AgentSkillsCN

task-locking

在多智能体环境中,采用原子任务锁定模式以防止竞态条件。适用于处理任务锁、并发操作、acquire_task_lock、update_task_status,或调试锁冲突时使用。

SKILL.md
--- frontmatter
name: task-locking
description: Atomic task locking patterns to prevent race conditions in multi-agent environments. Use when working with task locks, concurrent operations, acquire_task_lock, update_task_status, or debugging lock conflicts.
allowed-tools: Read, Grep, Glob

Task Lock Coordination

This skill guides proper use of atomic task locking to prevent race conditions in multi-agent workflows.

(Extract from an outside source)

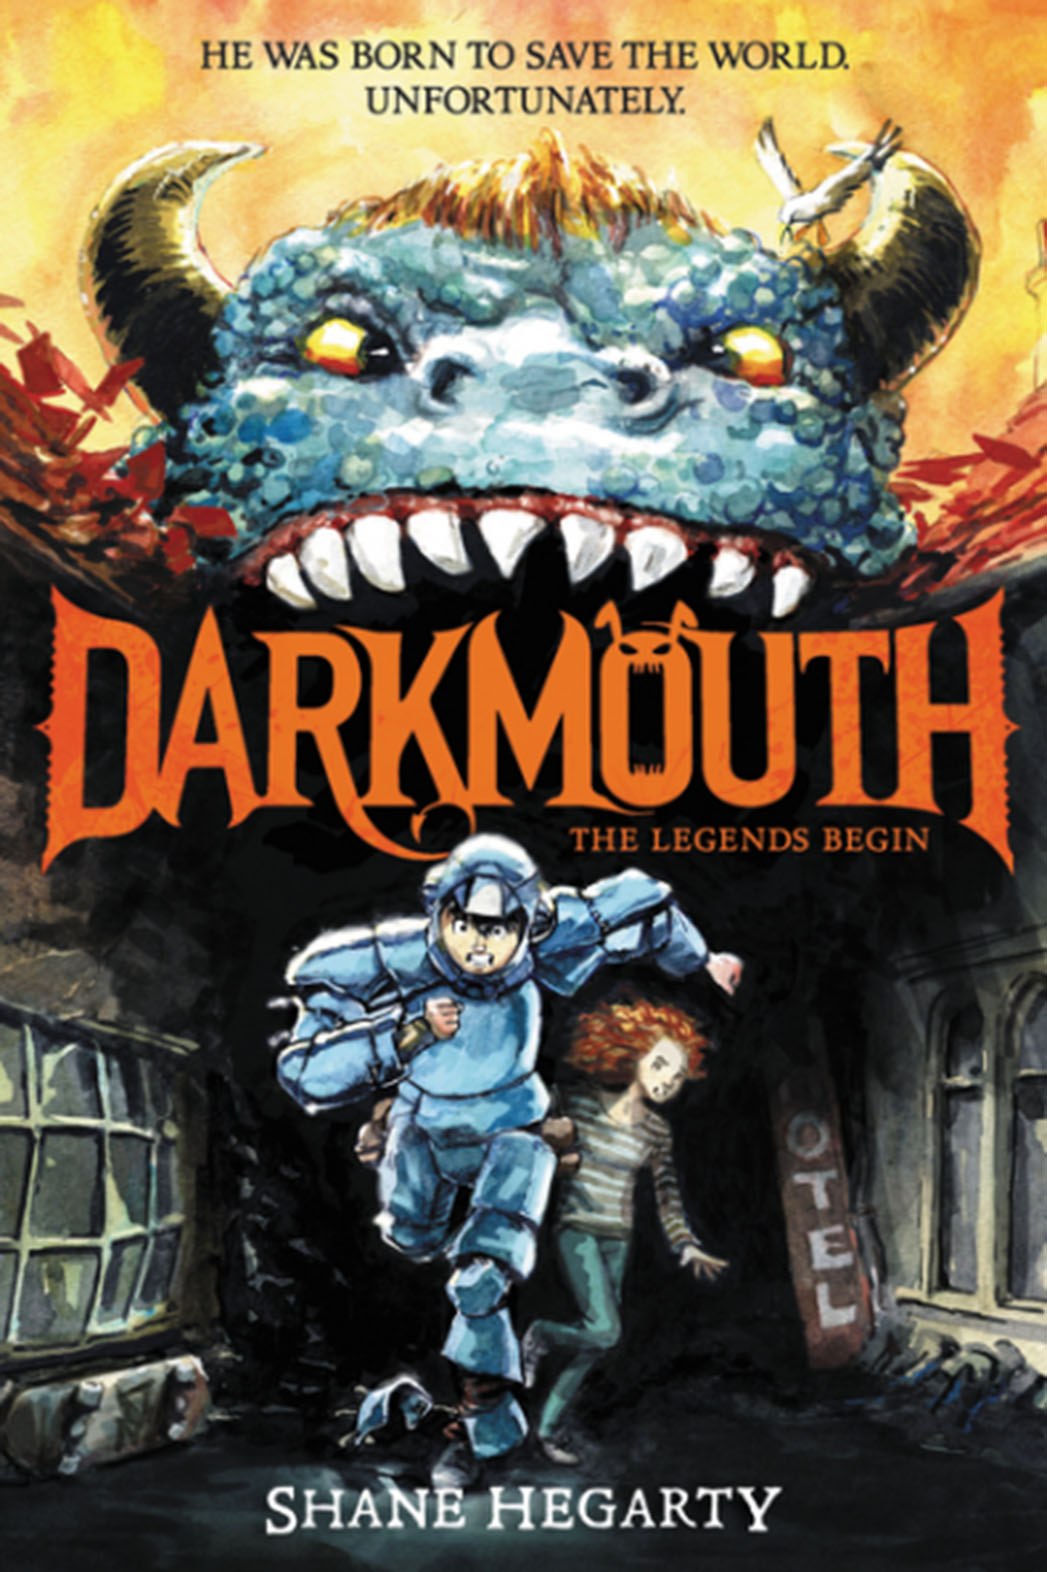 Darkmouth tendrá una adaptación animada dirigida por miembros de Pixar

Why Atomic Locking Matters

In multi-agent systems, multiple agents can try to work on the same task simultaneously. Without proper locking, you get race conditions:

code
Agent A reads task (unlocked) ─┐
Agent B reads task (unlocked) ─┤ Race condition!
Agent A acquires lock        ─┤ Both think they got it
Agent B acquires lock        ─┘ Data corruption!

Atomic locking prevents this with a single database operation that's guaranteed to succeed for only ONE agent.

The Atomic Pattern

python
# GOOD - Atomic single UPDATE (only ONE agent succeeds)
cursor.execute("""
    UPDATE tasks SET lock_holder = ?, lock_expires_at = ?
    WHERE id = ? AND (lock_holder IS NULL OR lock_expires_at < ?)
""", (agent_id, expires_at, task_id, current_time))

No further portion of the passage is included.